Le chef de la défense éthiopienne dit que l’Éthiopie travaillant pour sécuriser l’accès en mer

Maria

Chef d'état-major de la défense éthiopienne _ Accès en mer Chef d'état-major de la défense éthiopienne _ Accès en mer
Le chef d’état-major de la défense éthiopienne, le maréchal Berhanu Jula (photo: SM)

Toronto – Le chef de la Force de défense éthiopienne, le maréchal Birhanu Jula, a comparu mercredi devant le comité permanent des relations étrangères et des affaires de la paix au Parlement.

Le ministre de la Défense, Aisha Mohammed, ainsi que le chef de la défense, auraient présenté au comité un rapport sur la performance de l’exercice final et un rapport de mise en œuvre du plan de dix ans.

Le chef de la défense a déclaré au comité que «les forces de défense travaillent en se concentrant sur la paix et la sécurité dans la corne de l’Afrique». Outre les conflits internes, il y a eu récemment des spéculations sur la rupture possible de la guerre entre l’Éthiopie et l’Érythrée après que la relation entre les deux pays s’est détériorée rapidement au cours des dernières années. La rhétorique de la part de l’administration d’Abiy Ahmed sur l’accès en mer est le facteur majeur pour laquelle la relation est maintenant proche du point de confrontation militaire.

Le maréchal de terrain a mentionné les problèmes d’accès en mer lors du rapport. « Des efforts incessants sont en cours pour travailler en coopération avec les pays de la région pour assurer l’accès maritime à l’Éthiopie », a-t-il dit. En outre, il a déclaré que la renaissance de la marine éthiopienne était un plan délibéré dans le cadre de l’effort visant à garantir que l’Éthiopie a accès à la mer. Il affirme qu’une force capable de défendre dans la provocation sur la terre ou la mer est formée. Quant à la situation de sécurité intérieure, il a fait une autre affirmation selon laquelle «des mesures sont prises contre les groupes armés dans le pays». En même temps, il a souligné que les États régionaux s’efforcent de défendre leur paix par eux-mêmes afin que les Forces de défense puissent revenir à sa mission principale.
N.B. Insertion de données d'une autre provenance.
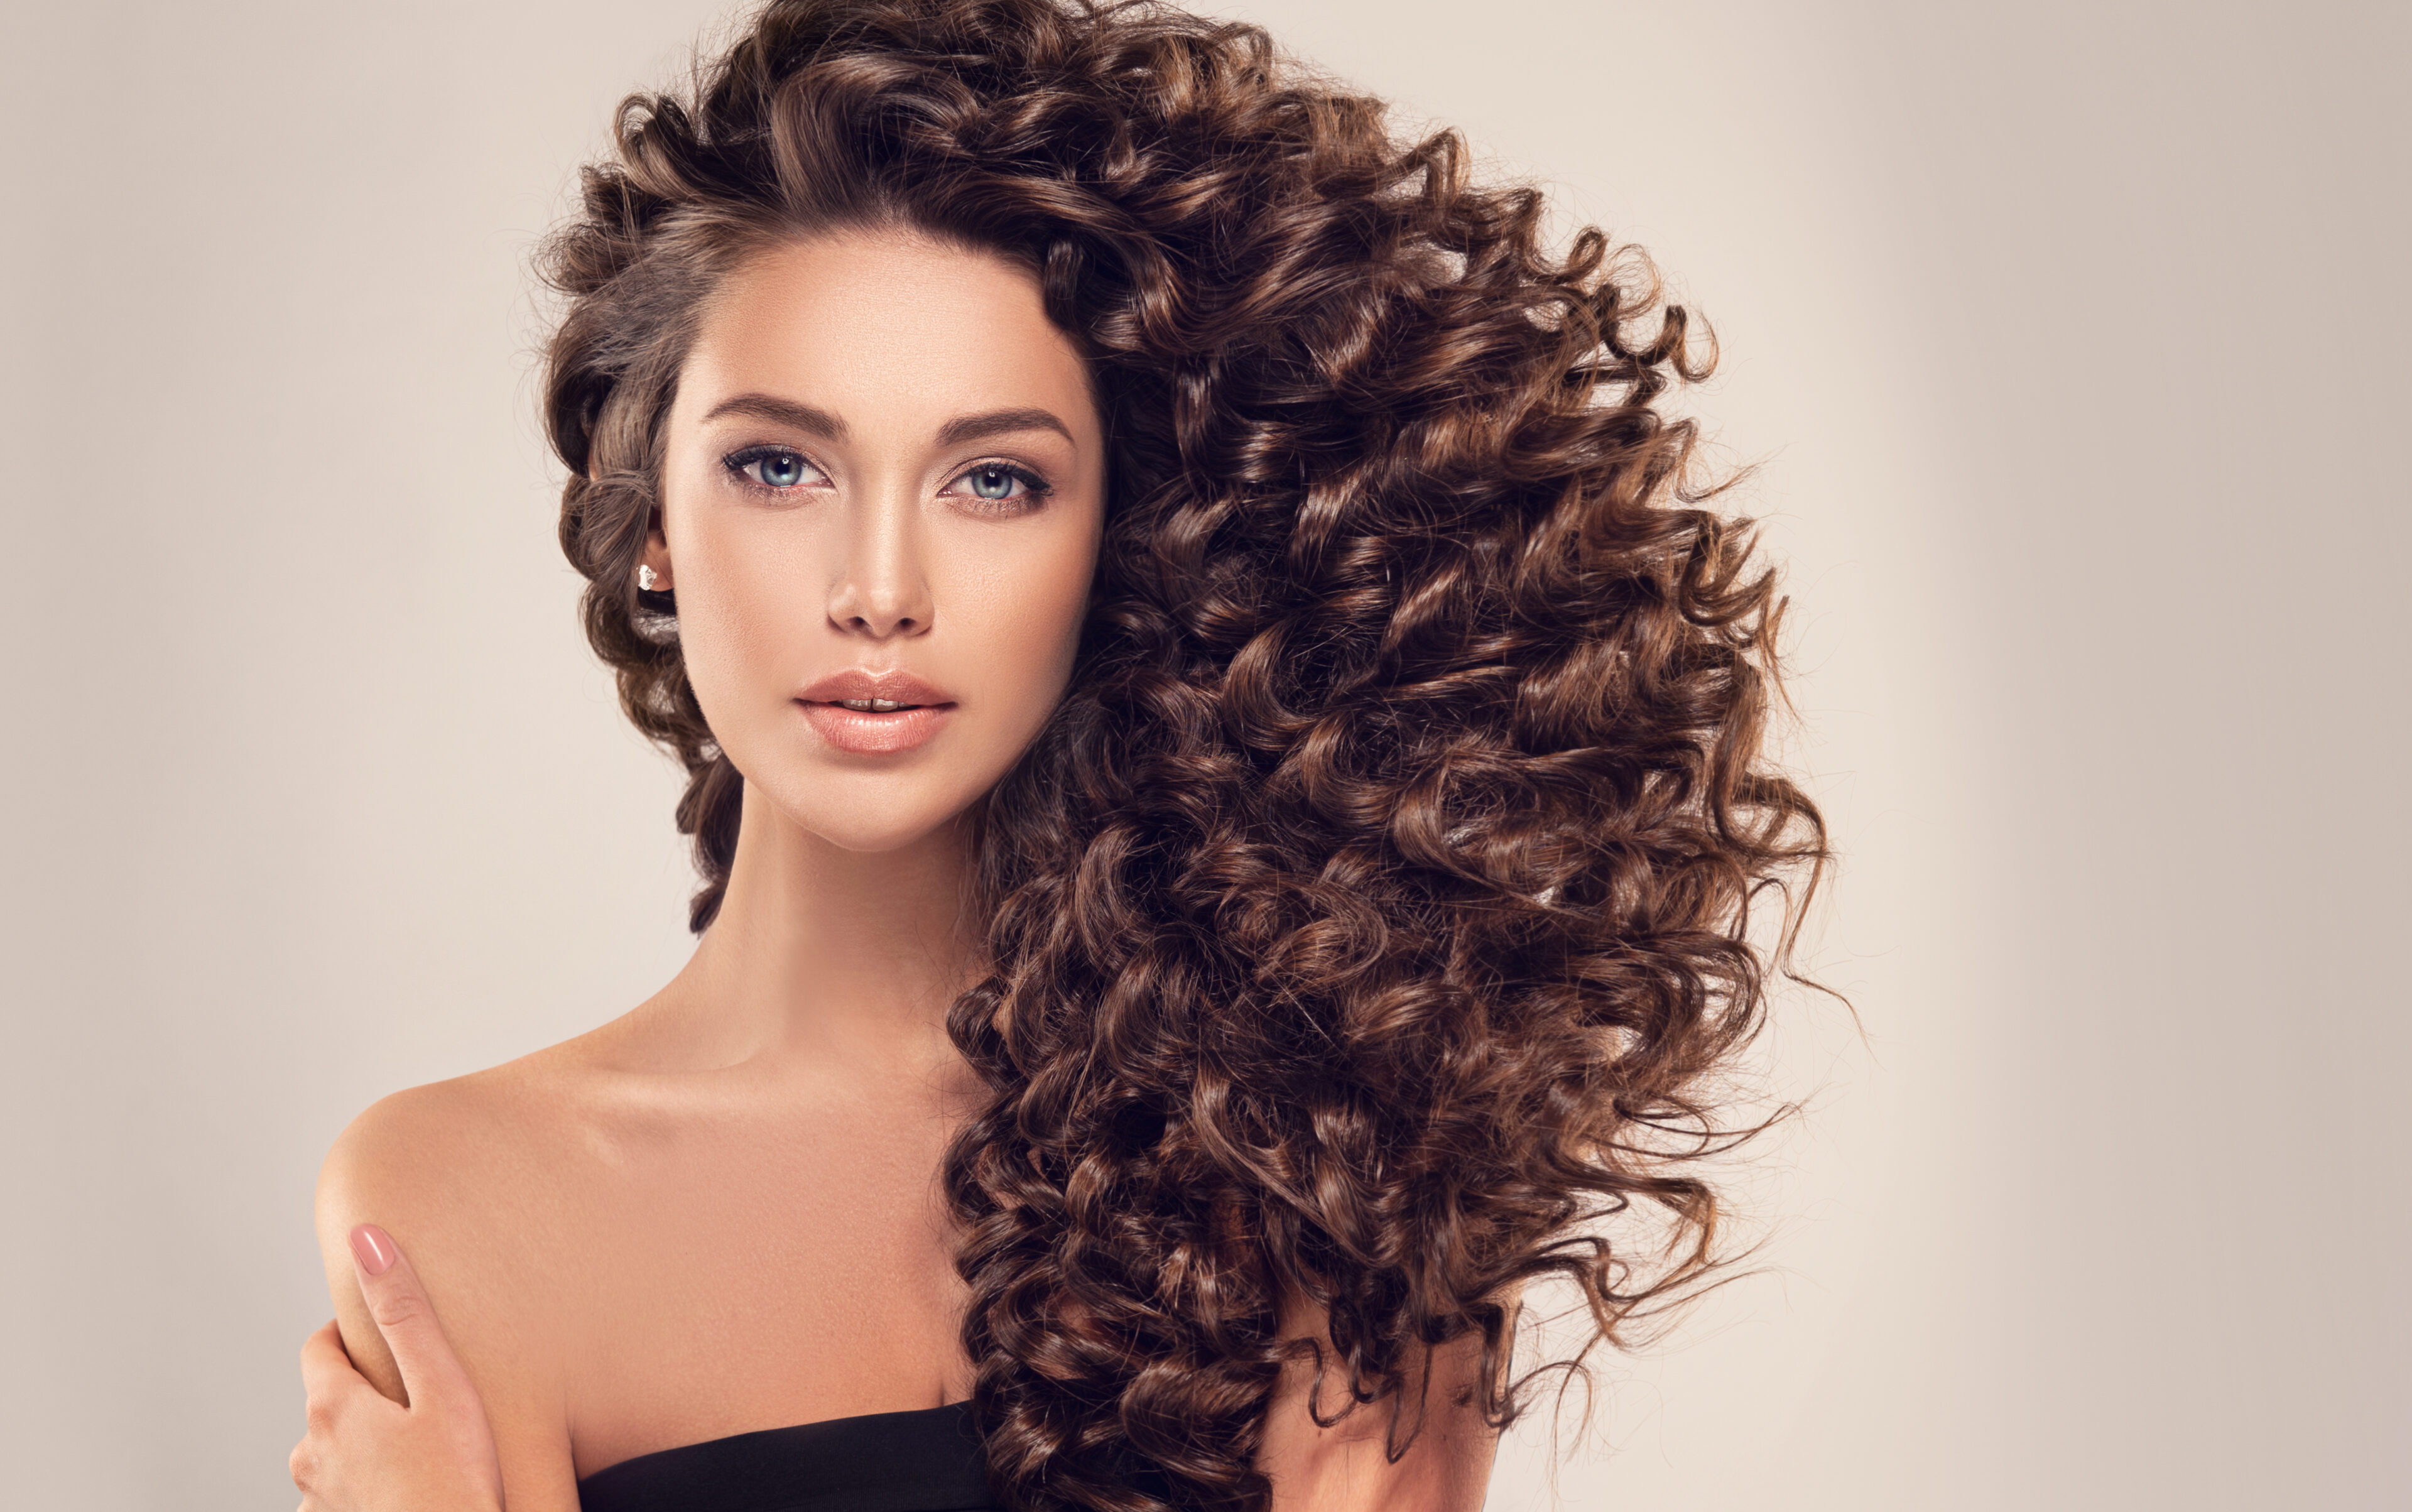 Brunette girl with long and shiny curly hair

D’autres problèmes ont été mis en évidence dans la présentation. Le ministre de la Défense a affirmé que «54 000 combattants armés [apparently from the rebel group]«Qui a mis fin aux activités armées a été formée et réintégrée dans la société. Cependant, il n’est pas spécifié quant aux groupes armés auxquels ils appartiennent.
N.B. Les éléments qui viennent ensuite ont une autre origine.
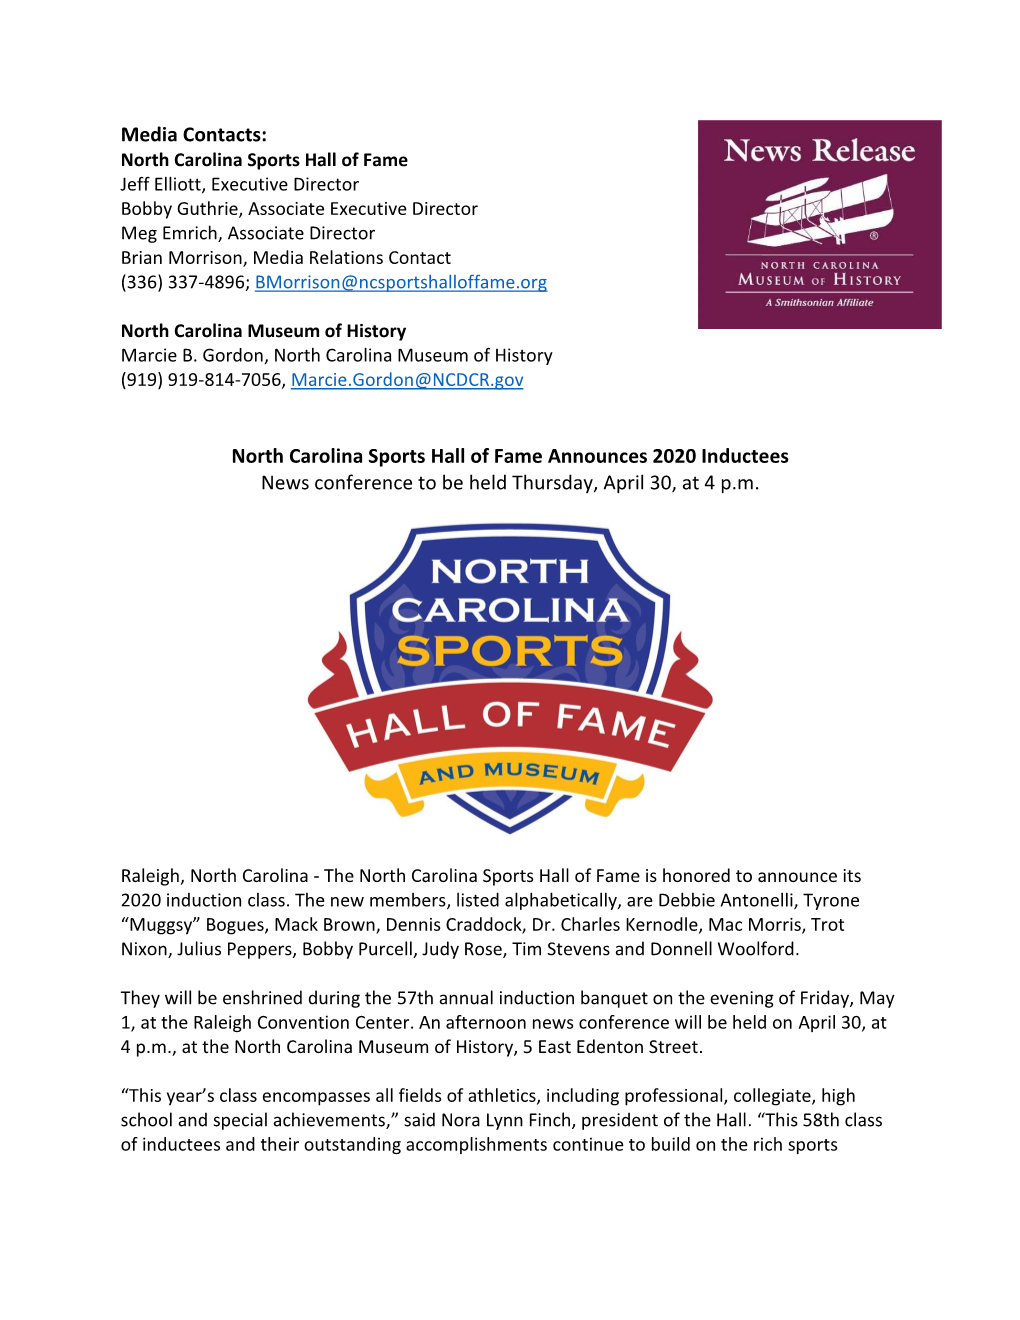 North Carolina Sports Hall of Fame Announces 2020 Inductees News Conference to Be Held Thursday, April 30, at 4 P.M

Le gouvernement Abiy Ahmed entreprend un engagement militaire dans la région d’Oromia, l’Éthiopie depuis plus de six ans contre l’Armée de libération de l’Oromo et contre les forces de Fano dans la région d’Amhara en Éthiopie au cours des deux dernières années.
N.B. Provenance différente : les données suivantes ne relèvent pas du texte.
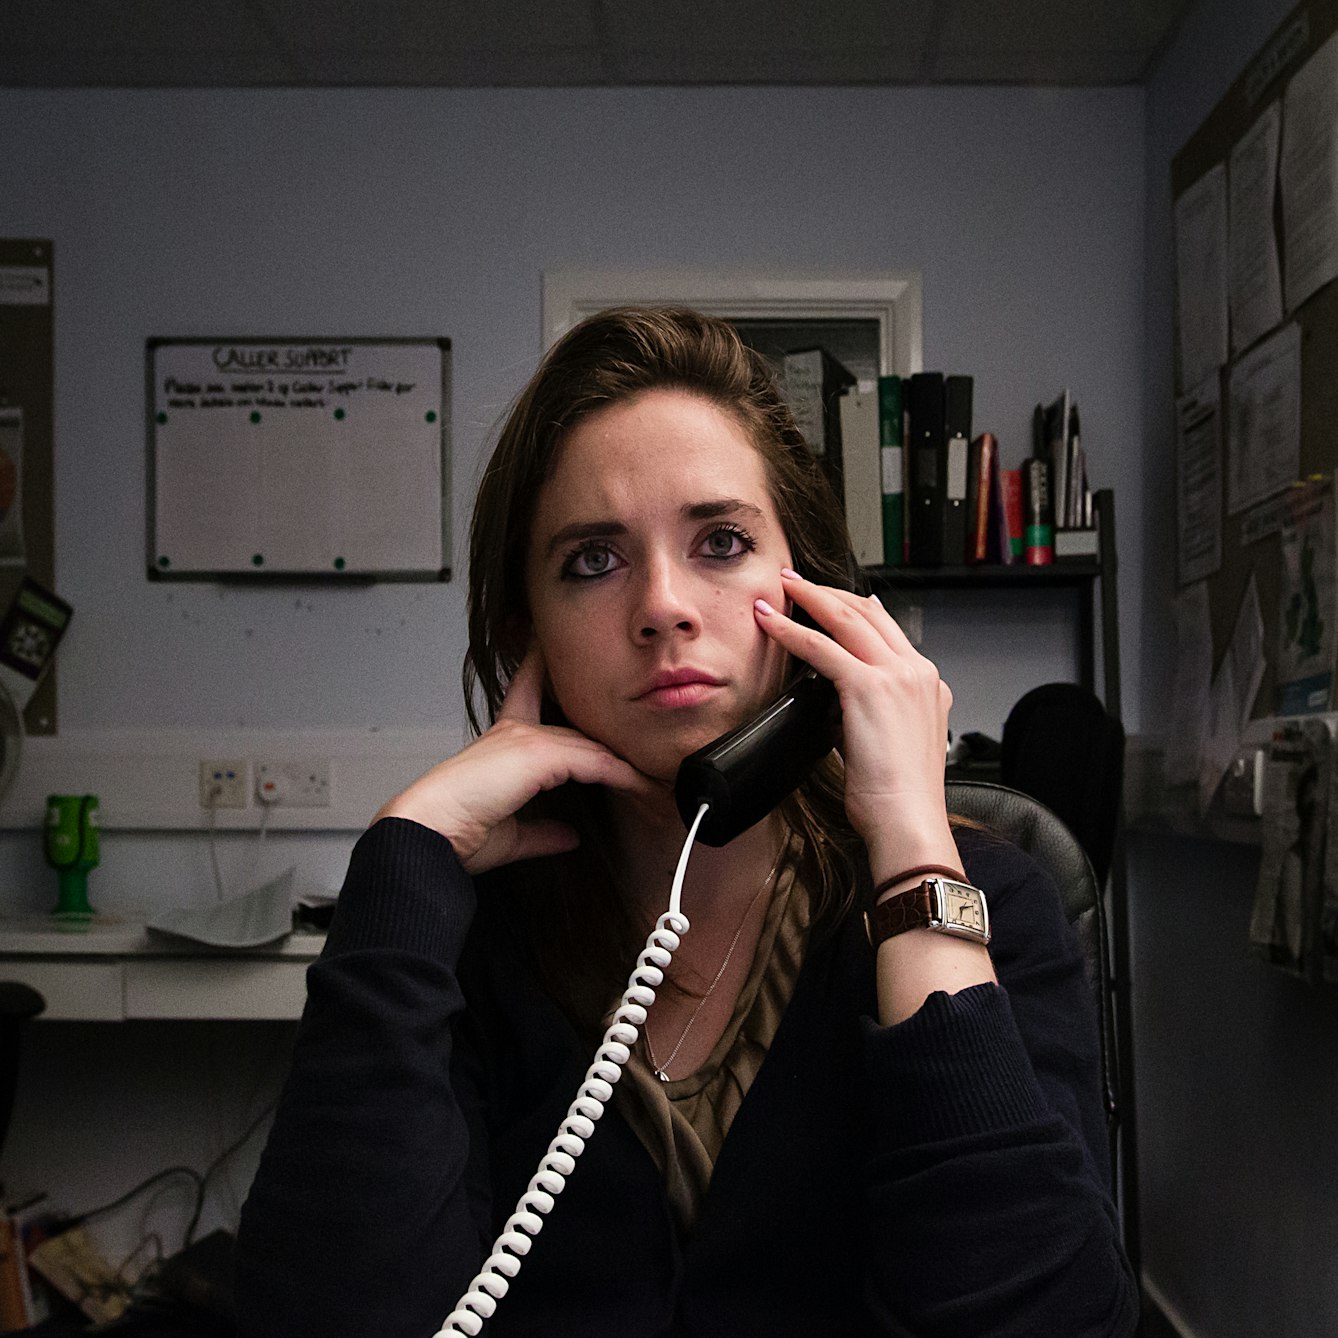 Photograph of a woman sat in an office environment. She is holding a landline telephone receiver to her left ear and is looking into the distance over the top of the camera.

Une attention a été accordée pour améliorer la capacité des Forces de défense à entreprendre des travaux pour défendre la nation contre toute attaque possible, a déclaré le ministre au comité.

Le comité permanent aurait évalué la performance de la Force de défense comme «encourageante».

La Force de défense éthiopienne a été impliquée dans des «crimes contre l’humanité», comme une organisation des droits de l’homme l’a décrit et «génocide» dans la région d’Amhara en Éthiopie au cours des deux dernières années. Il y a eu des rapports récurrents d’attaques de drones et de bombardements d’artillerie contre des civils dans de nombreuses régions de la région d’Amahra en plus de viol. De plus, il y a eu des allégations similaires dans la région d’Oromia, bien qu’il n’y ait pas eu de frappes de drones récurrentes et de bombardements d’artillerie dans la région.